Eu nunca estive nessa bolha de deficiência e cresci em uma escola normal. Até
obtive um certificado regular quando me formei. Meus pais decidiram me educar no
mundo tradicional, e você pode realmente ver a diferença quando as pessoas com
deficiência foram criadas na sociedade da deficiência, o que não é culpa delas. Existem
instituições e escolas especiais destinadas a atender essas necessidades, que obtêm
resultados incríveis. Isso significa que as pessoas com deficiência estão sempre
protegidas e sempre rodeadas por outras pessoas com deficiência. Quando você é
educado assim, você não tem que lutar por nada, você não tem a possibilidade de falhar,
você não pode cometer erros. Isso significa que as pessoas com deficiência ficam com
medo de sair dessa bolha e entrar na política ou tentar trabalhar para a Microsoft. É uma
questão de socialização e de educação.
Temos cidades na Alemanha onde as prefeituras ainda trabalham apenas com
papel. Em tais lugares, o sistema digital não existe. Sou um fã digital e acho que
acessibilidade em termos de tecnologia é ter produtos fáceis de usar e operar.

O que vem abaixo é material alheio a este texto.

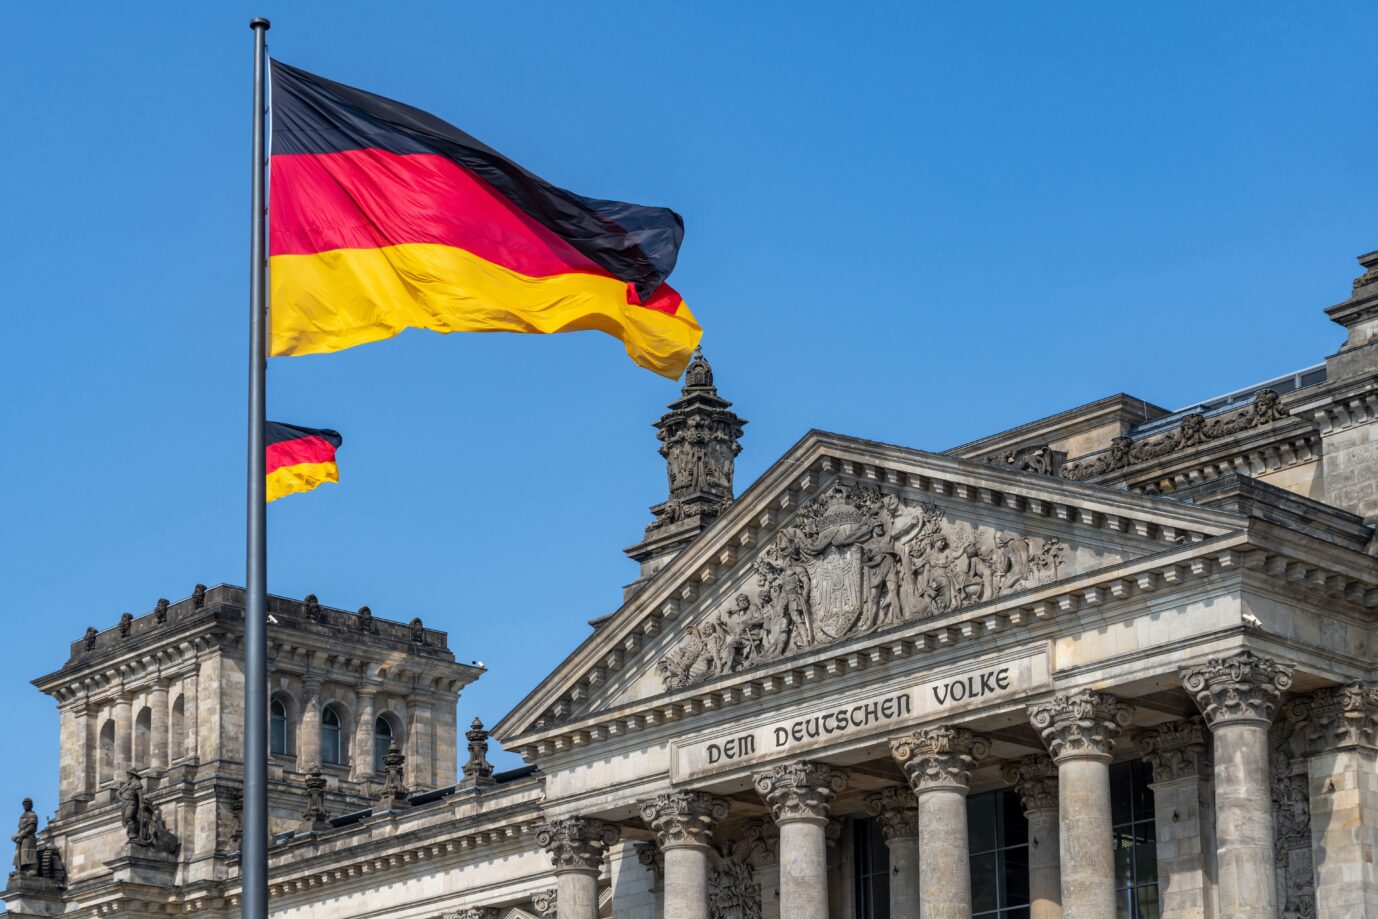 Statt der Deutschland-Fahne soll zwei Mal im Jahr die Regenbogen-Fahne vor dem Reichstag wehen, hat das Bundestagspräsidium beschlossen. Foto: picture alliance / Daniel Kalker

Considero algumas questões práticas ao fazer uso de dispositivos, como o quão
pesados são, se consigo abri-los, por exemplo. Para mim, carregar coisas é um
problema, então tenho que pensar no peso do produto. Se eu sou uma pessoa cega,
preciso considerar onde estão as informações de que preciso ou como é fácil acessar e
iniciar coisas, como computadores. Outro problema para os cegos é ler as informações
de um site, se alguém não consegue ver a foto ou o vídeo, como pode usá-lo? Mais
empresas que projetam esses recursos e serviços precisam começar a ver as pessoas
com deficiência como clientes e levar em consideração nossas necessidades.